The earliest towns emerged in the Middle East and are known only from archaeological evidence. Jericho is sometimes identified as the first town, around 7000 BCE, but many scholars believe that the first true towns were those that arose after the development of agriculture, beginning with Sumerian cities such as Ur, around 3000 BCE. At later dates, towns also developed in productive agricultural regions of Egypt, India, China, and Mesoamerica. Early towns were typically ceremonial centers, home to priests, soldiers, and administrators as well as skilled artisans who made luxury goods for members of the ruling class. Often the demand for luxuries stimulated long-distance trade, and some towns became centers of commerce, in which merchants were among the most wealthy and powerful residents. Coastal towns devoted to trade and commerce first flourished around the eastern Mediterranean in the Phoenician and Greek civilizations, which were later conquered by the Roman Empire. After Rome lost control of the Mediterranean around the fifth century CE, and Muslim invaders subsequently conquered much of the region, many Mediterranean towns became important Islamic administrative and commercial centers, whereas Christian Europe became a much more exclusively rural civilization. Although Italian commercial towns such as Venice and Amalfi revived by the tenth century, towns remained marginal to the rural and feudal society of medieval Europe. Partial exceptions were northern Italy and the Low Countries, where commercial towns ruled much of the countryside. These towns and regions dominated the European cultural revival known as the Renaissance, which began in the fourteenth century.

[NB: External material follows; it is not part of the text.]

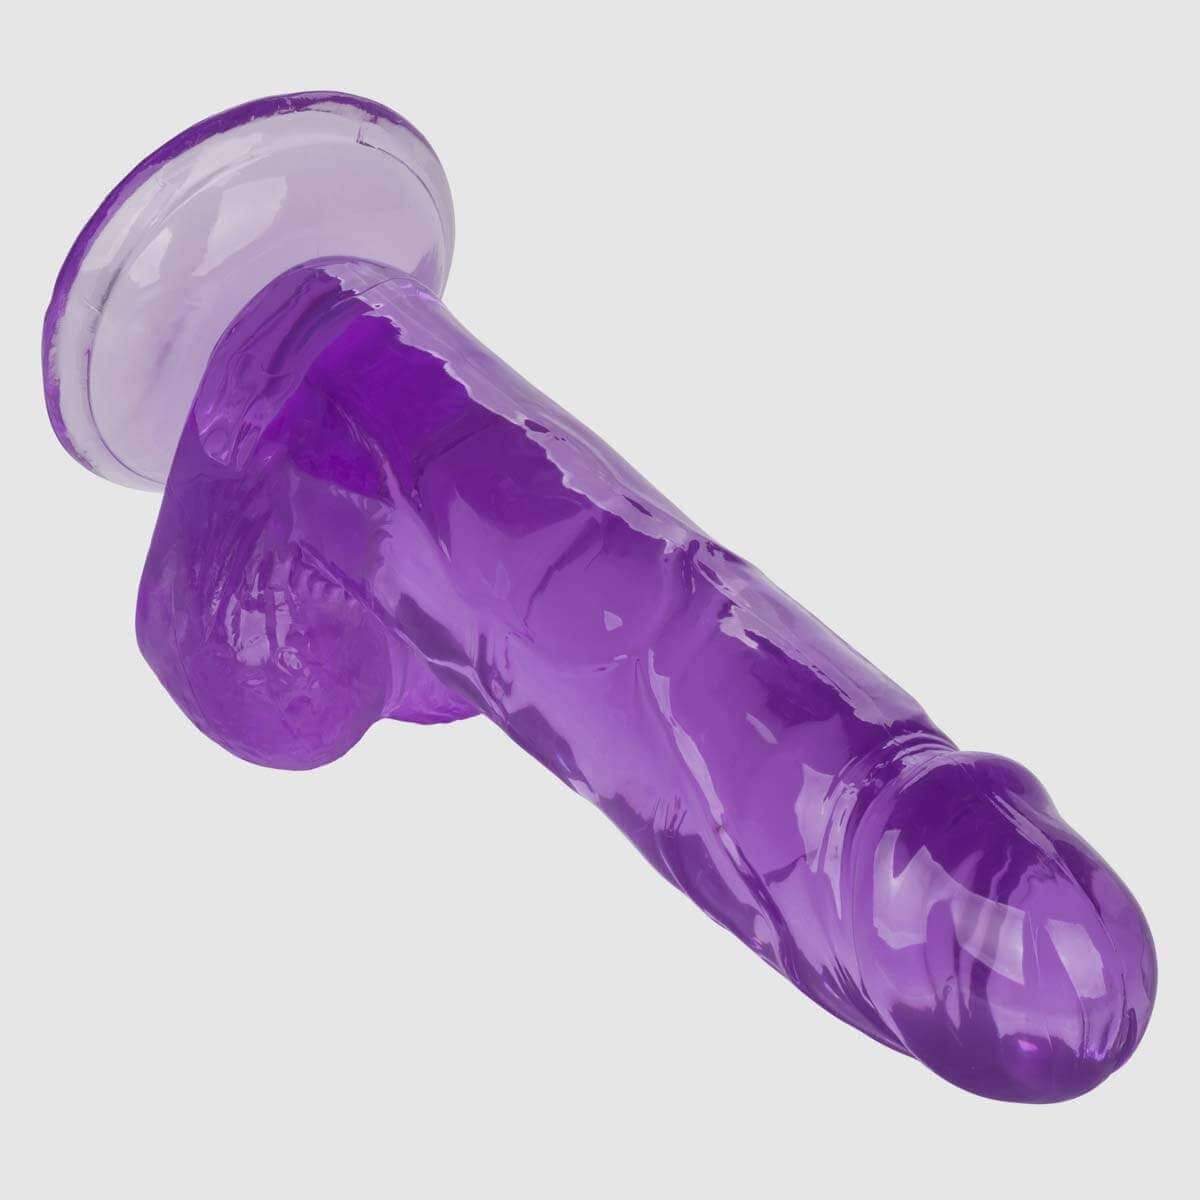 Size Queen 6"/15.25 cm Dildo - Purple - Thorn & Feather Sex Toy Canada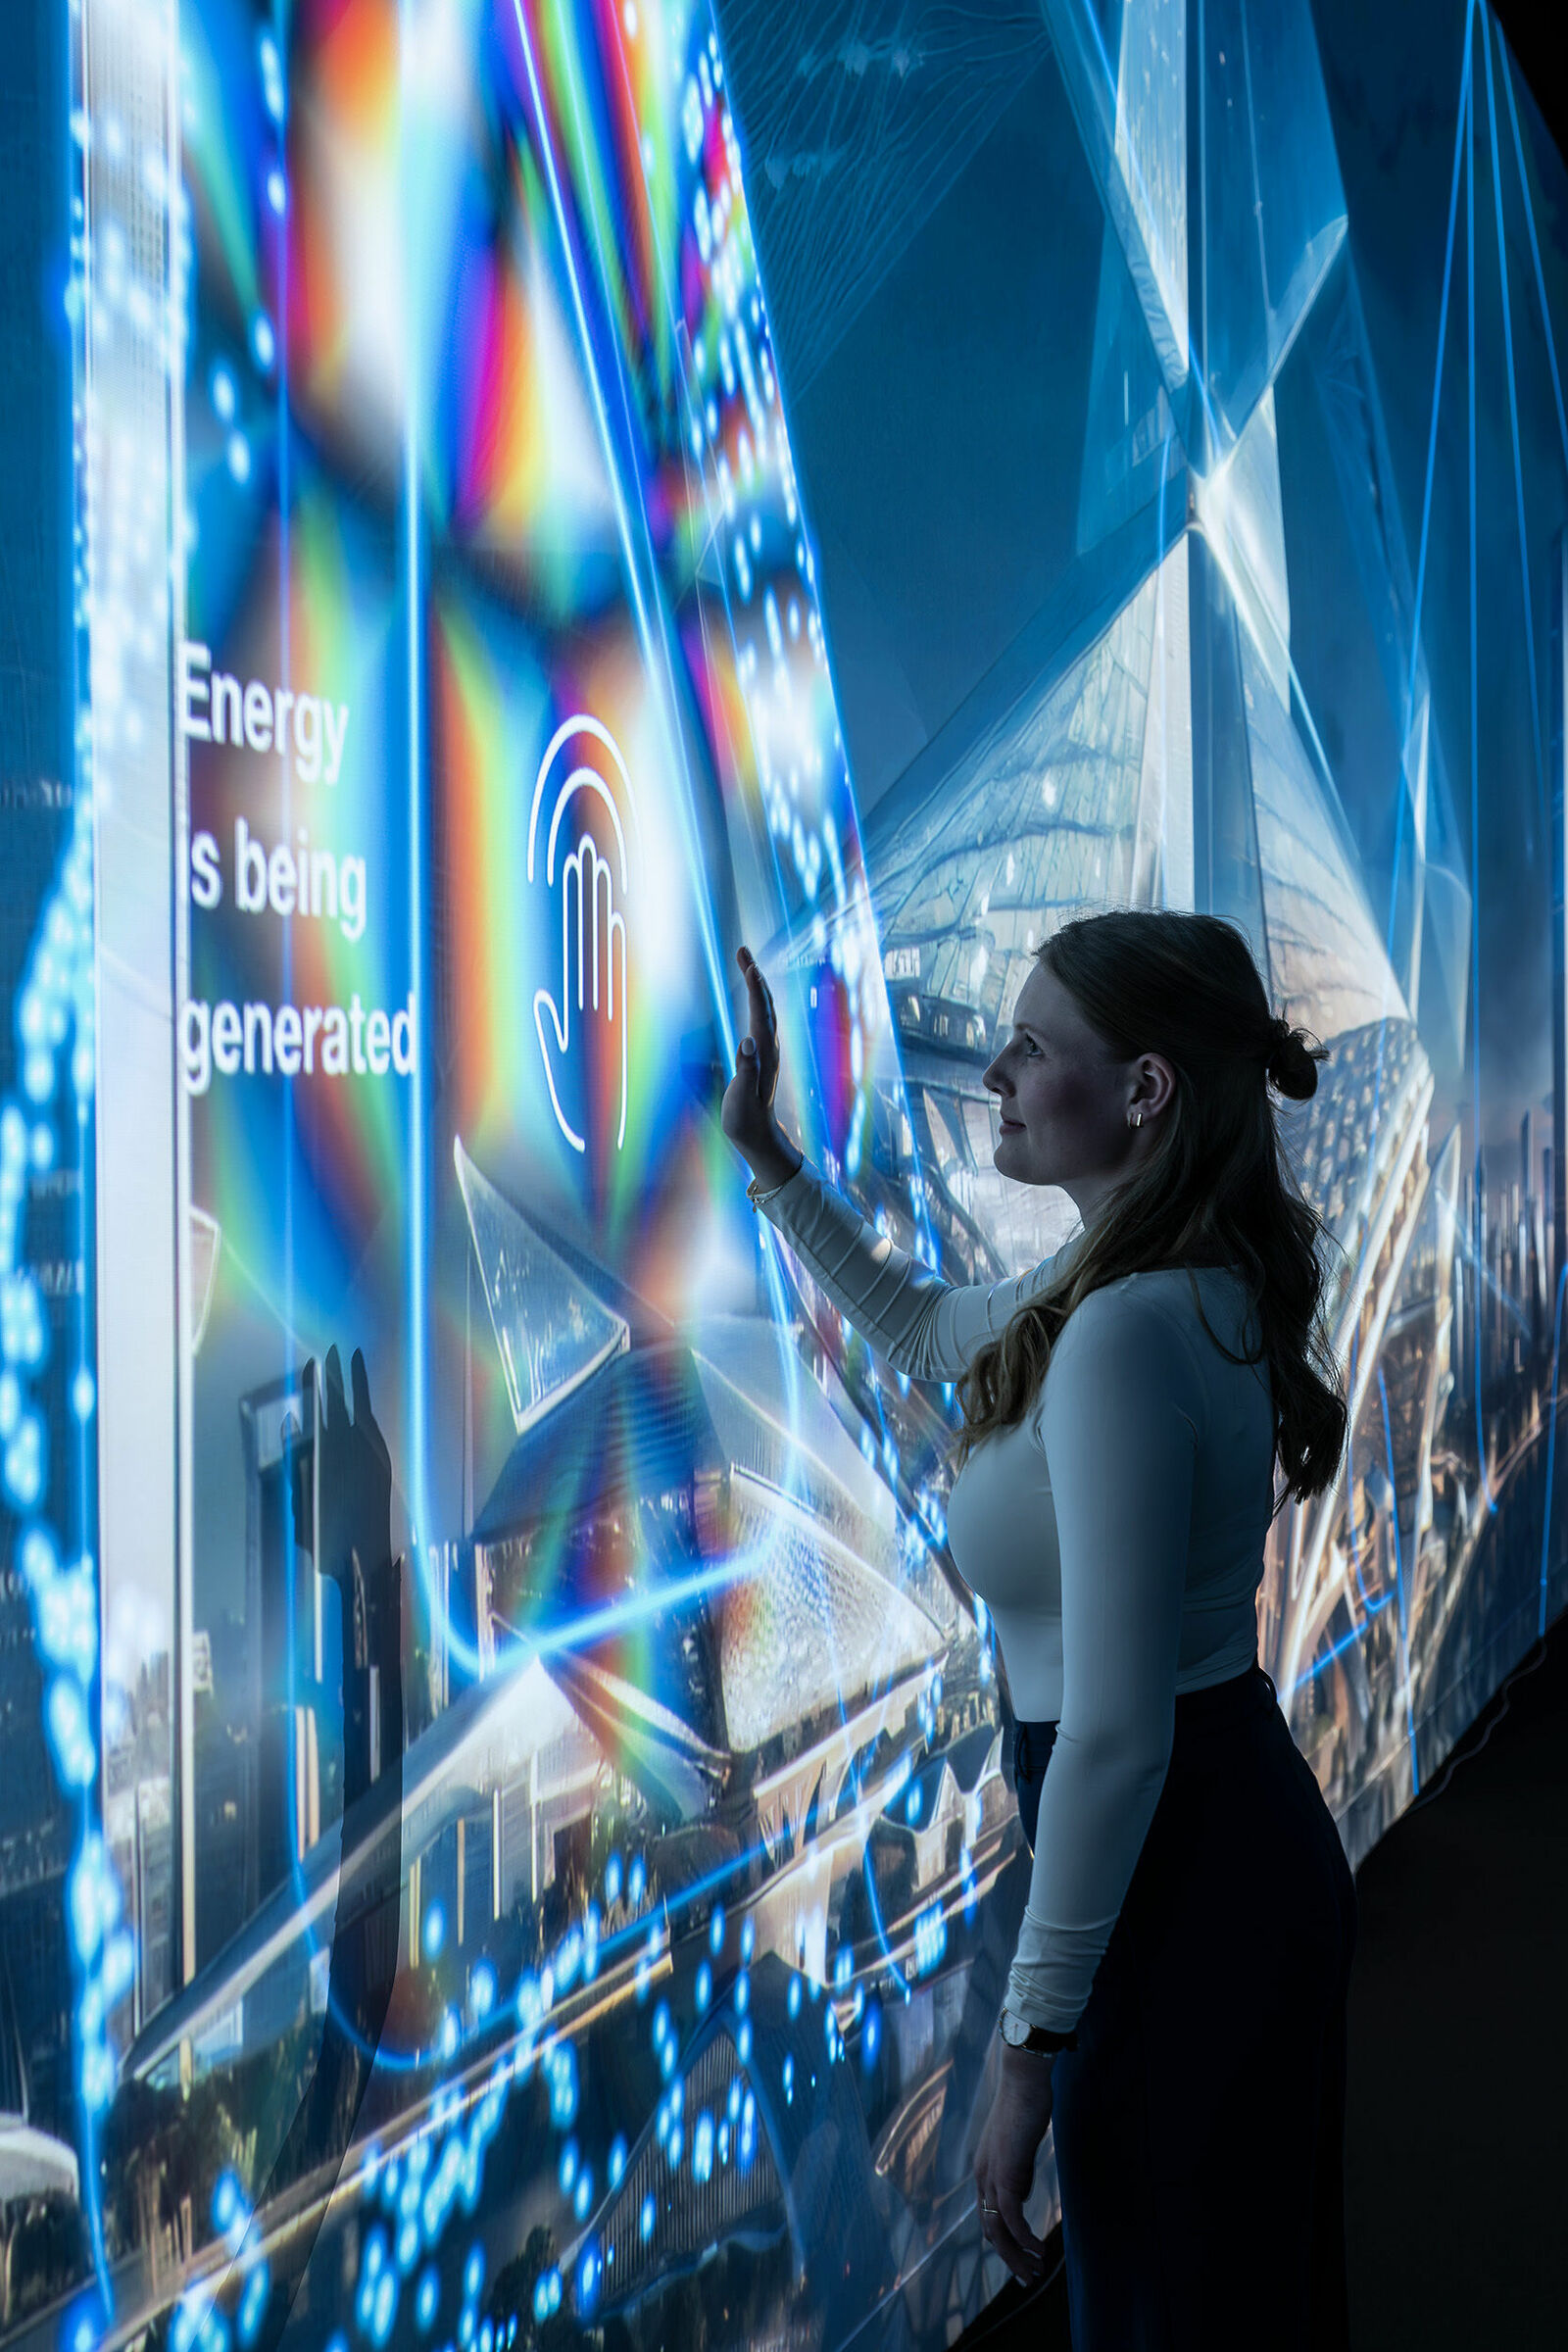 A person interacts with glowing displays featuring futuristic graphics about energy generation.

URBANIZATION AND INDUSTRIALIZATION
For several centuries more, Europe, like the rest of the world, remained a place where a tiny percentage of the population lived in towns, and economies as well as political power were rural-based, with the great majority of the population working in subsistence agriculture, producing a small surplus that supported priestly, warrior, and ruling elites. These elites were sometimes based in towns, and here and there cities grew to great size, for example ancient Rome, medieval Baghdad, Tenochtitlan in Mexico, and several Chinese capitals.
A fundamental change in the role of towns came with urbanization—that is, when larger percentages of a region’s or nation’s population came to live in them. This shift coincided with the growth of large-scale industry, beginning in eighteenth-century England and spreading across much of Europe, and beyond, in the nineteenth century. Many towns grew rapidly as rural migrants arrived in search of work in the new factories or in other trades stimulated by urban growth and industrial wealth. Around 1800 London became the first European city with a million inhabitants; a century later, at least eight more had crossed that threshold, and London’s six million made it far larger than any city in history. Outside of Europe, North America experienced the most dramatic nineteenth-century urban growth. The twentieth century, especially its second half, saw rapid urbanization in other regions, notably East Asia. Whereas the world’s population was still 70 percent rural in 1950, sometime around 2007, town dwellers became a majority. By then, twenty cities, most of them in Asia, had at least ten million inhabitants.
In many poor countries, urban growth has been concentrated in a single city, typically the capital, with floods of migrants drawn by rural overpopulation, political turmoil, and the collapse of agricultural or subsistence economies. In one respect this recent phase differs fundamentally from nineteenth-century Europe: This is often urbanization without industrialization. That had been the exception in nineteenth-century Europe, characteristic of only a few of Europe’s poorest cities, such as Naples and Dublin. By the late twentieth century, however, as political and economic turmoil continued to push rural people toward large cities in their home countries or foreign ones, they arrived in places where there were few industrial jobs, and they joined a vast informal sector of intermittent, insecure, and often illegal work. Following a long tradition, these migrants see towns as places of opportunity, but most of them have little chance for security or prosperity.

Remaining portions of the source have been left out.